He'd watched his father shift on more than one occasion, so this wasn't the first time he'd seen a dragon in the flesh. It still never got easy. They were not just huge, but alien-looking, every part of their body adapted to be the most powerful and efficient predator in the modern world ... perhaps the most effective predator the world had ever seen.

The sudden, incongruous image of a dragon fighting a dinosaur popped into Ben's head. His lips twitched.

"Why are you smiling?" Reive demanded, his voice a deep rumble. Dragons were among the only shifters who could speak in their animal form.

"Just wondering if you'd win in a fight against a T-rex."

Reive stared down at him. "Are you stalling?"

"Not really. Just giving you a chance to change your mind. If you don't shift back immediately, I won't hesitate to use lethal force against you."

He wasn't sure if the curl of Reive's lip was amusement or contempt. "Puny little shifter, you couldn't hurt me if you tried."

Ben squeezed off a fusillade of bullets at him.

Despite his warning, he was trying to stop Reive, not kill him, so rather than aiming for the head, he fired into center mass: in this case, Reive's chest, a broad expanse of shimmering copper scales. That would've been a kill shot on a human, but given Reive's size, Ben wasn't even sure if the .38 would have enough stopping power to penetrate his scales.

Reive grunted, more in surprise than pain. Bright blood glistened on his chest, so at least the bullets had done some damage, but he showed no signs of being badly hurt.

"Really?" Reive rumbled. "You think that's going to stop me?"

"Worth a try." Maybe he should've gone for a headshot after all. By his count, he had four shots left—and no spare ammo, because it was all in his jacket (still in the house) and in his car.

Not that reloading would help a whole lot, unless what he was reloading was a cannon.

Reive had been crouching on his back legs, making himself nearly as tall as the roof of the cabin; now he crashed down to all fours, his massive foreclaws tearing chunks out of the meadow turf. His body was low-slung, the shoulders angled slightly outward like an alligator's.

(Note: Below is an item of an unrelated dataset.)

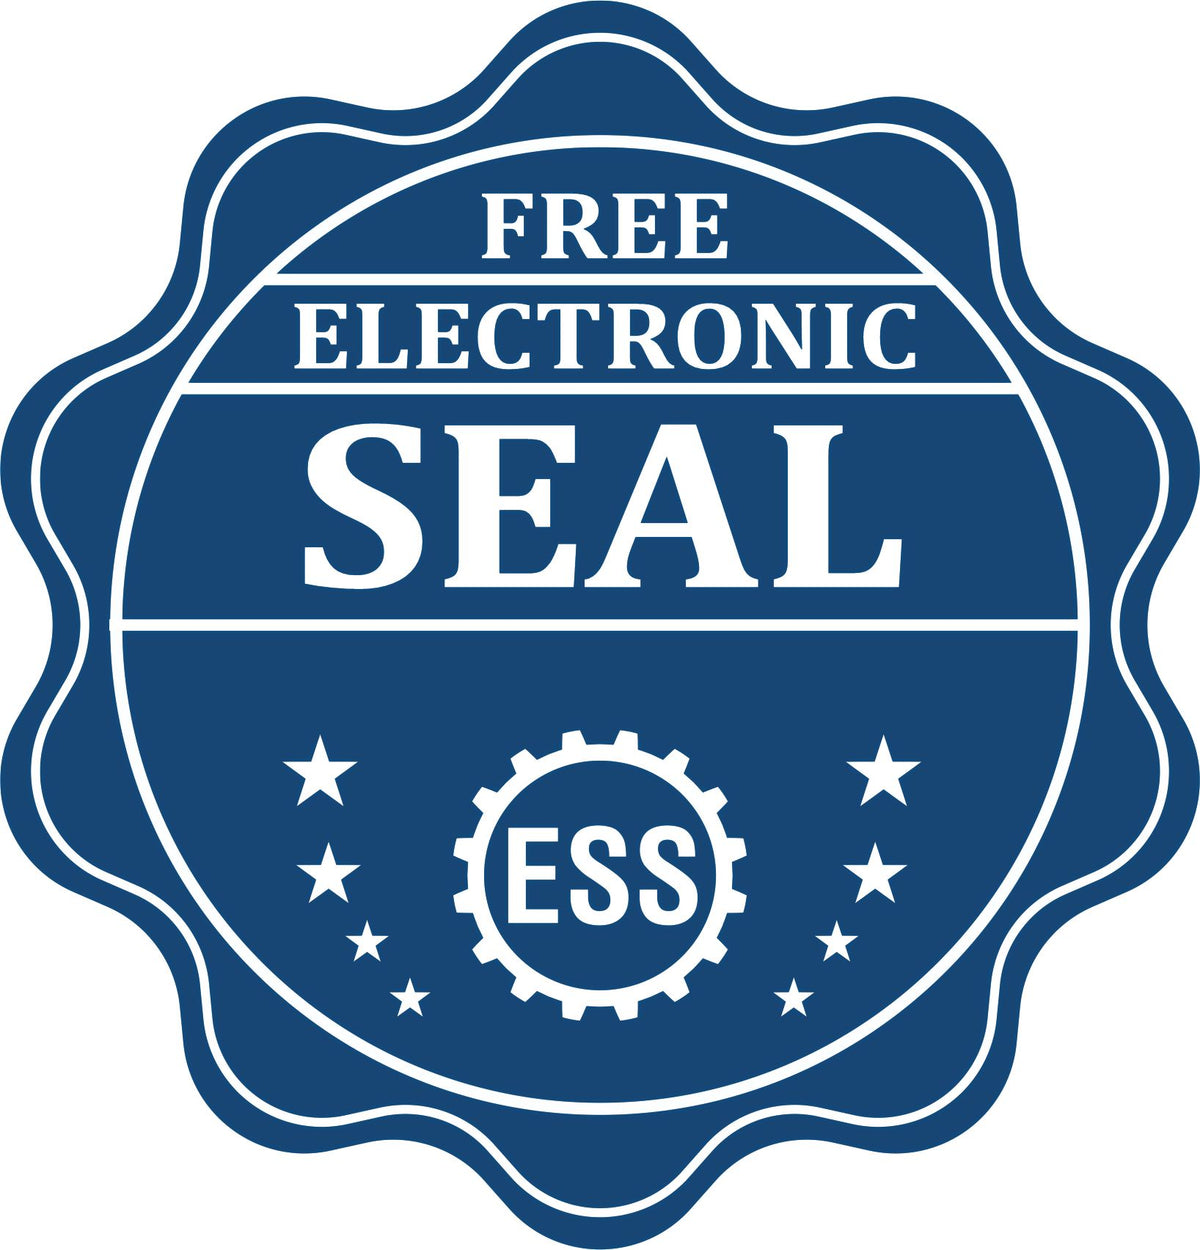 A badge showing a free electronic seal for the Hybrid West Virginia Geologist Seal with stars and the ESS gear on the emblem.

"Listen," he said, staring at Ben down his long scaled snout. "This isn't your fight. I have no quarrel with you. I just need the girl."

"You're going to kill her."

"Well, yes, obviously, but that doesn't have to be your problem."

"Even leaving aside the fact that I'm a cop, and I'm not just going to let you eat someone—"

"Eurgh, I'm not going to eat her! What kind of barbarian do you think I am?"

"—every one of her problems is my problem too," Ben said. "She's my mate."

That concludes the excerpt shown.